--- a/ideas.xml	Tue Aug 22 11:09:28 2017 -0400
+++ b/ideas.xml	Tue Aug 22 11:22:09 2017 -0400
@@ -168,7 +168,10 @@
             <when value="no"/>
             <when value="yes"/>
         </conditional>
-        <param name="reads_per_bp" type="integer" value="1" min="1" max="8" label="Number of reads per base pair for calculating the average signal in each genomic window"/>
+        <param name="reads_per_bp" type="select" display="radio" label="Calculate the average signal in each genomic window using">
+            <option value="6" selected="true">mean</option>
+            <option value="8">max</option>
+        </param>
         <param name="blacklist_input" type="data" format="bed" optional="True" multiple="True" label="Select file(s) containing regions to exclude"/>
         <conditional name="standardize_datasets_cond">
             <param name="standardize_datasets" type="select" display="radio" label="Standardize all datasets">
@@ -240,6 +243,7 @@
 **Other options**
 
 * **Output chromosomes in seperate files** - select "Yes" to produce seperate files for each chromosome, allowing you to run IDEAS on different chromosomes separately.

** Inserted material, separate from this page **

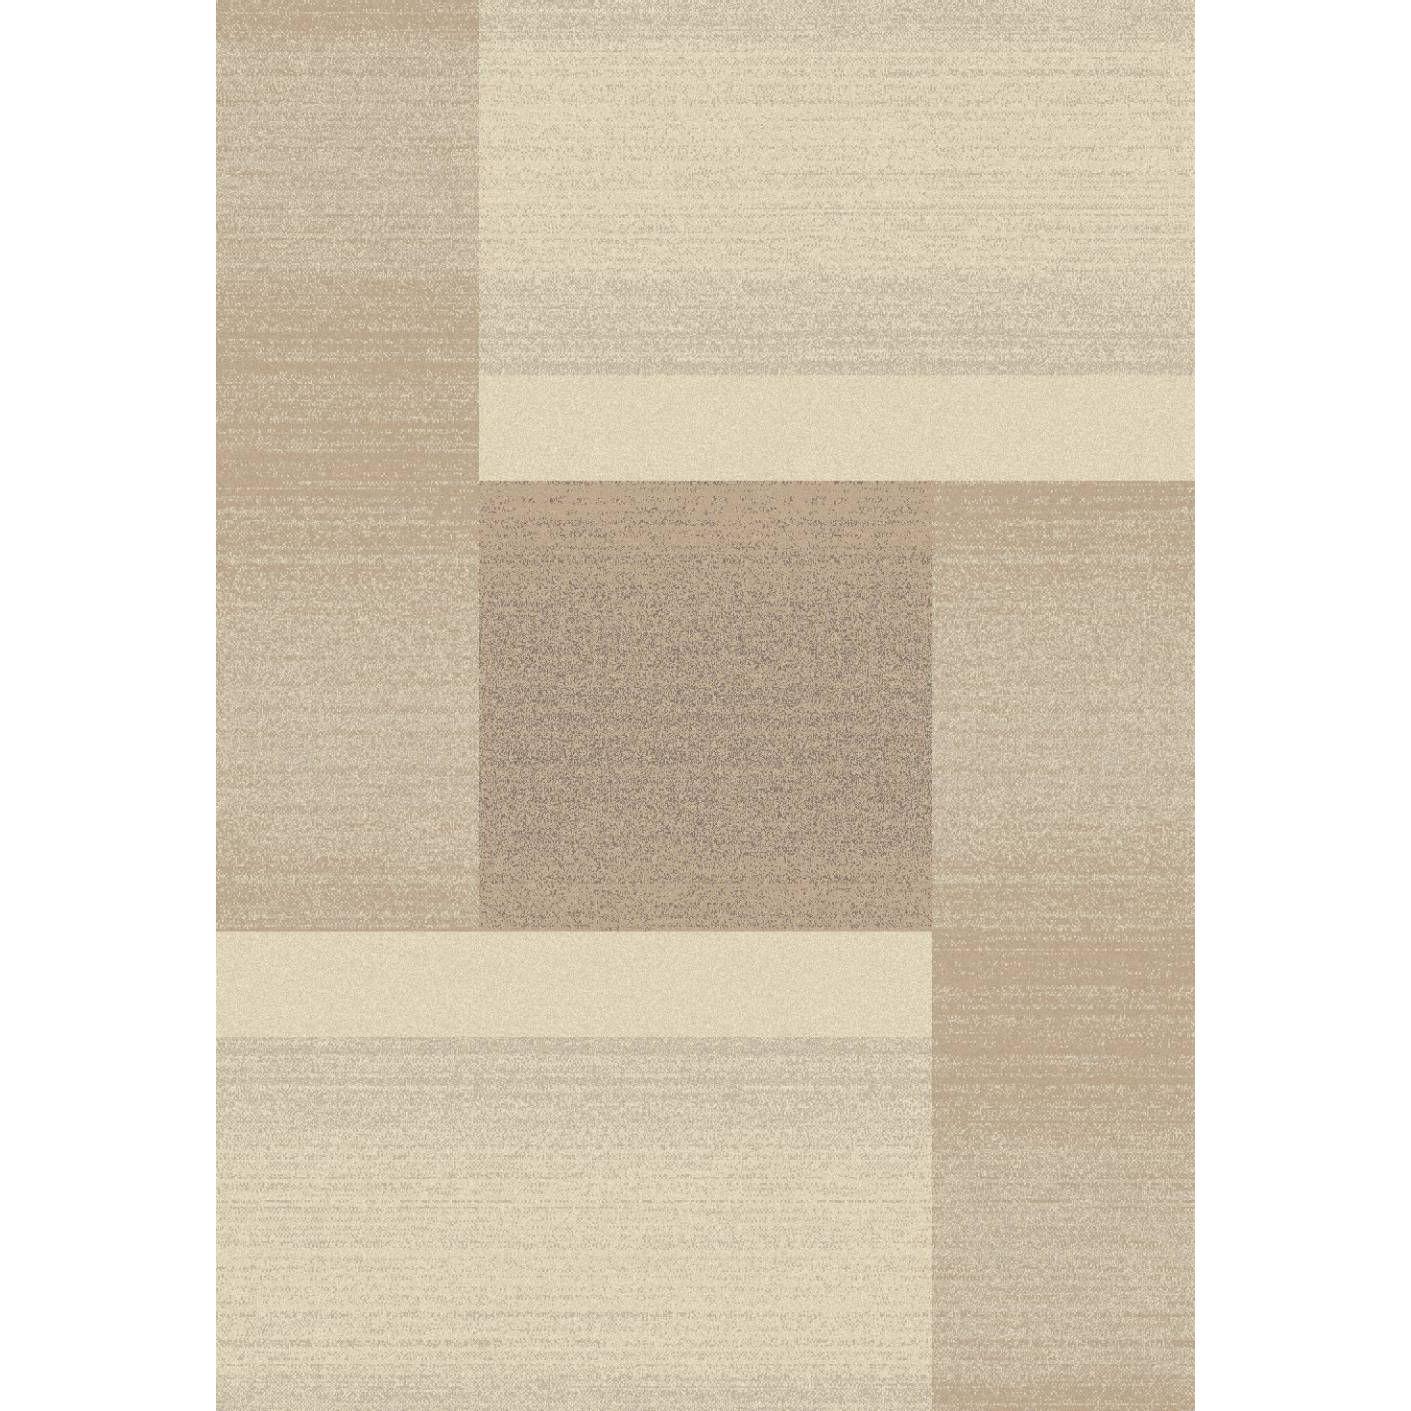 modern carpet carpet concept flow modern beige rug - 2813-8002 UJIDLFB

+* **Calculate the average signal in each genomic window using** - use the bigWigAverageOverBed utility from the UCSC genome browser to calculate average signal (number of reads per bp) in each genomic window.
 * **Select file(s) containing regions to exclude** - select one or more bed files that contains regions you'd like excluded from your datasets.
 * **Standardize all datasets** - select "Yes" to standardize all datasets (e.g., reads / total_reads * 20 million) so that the signals from different cell types become comparable - your datasets can be read counts, logp-values or fold change.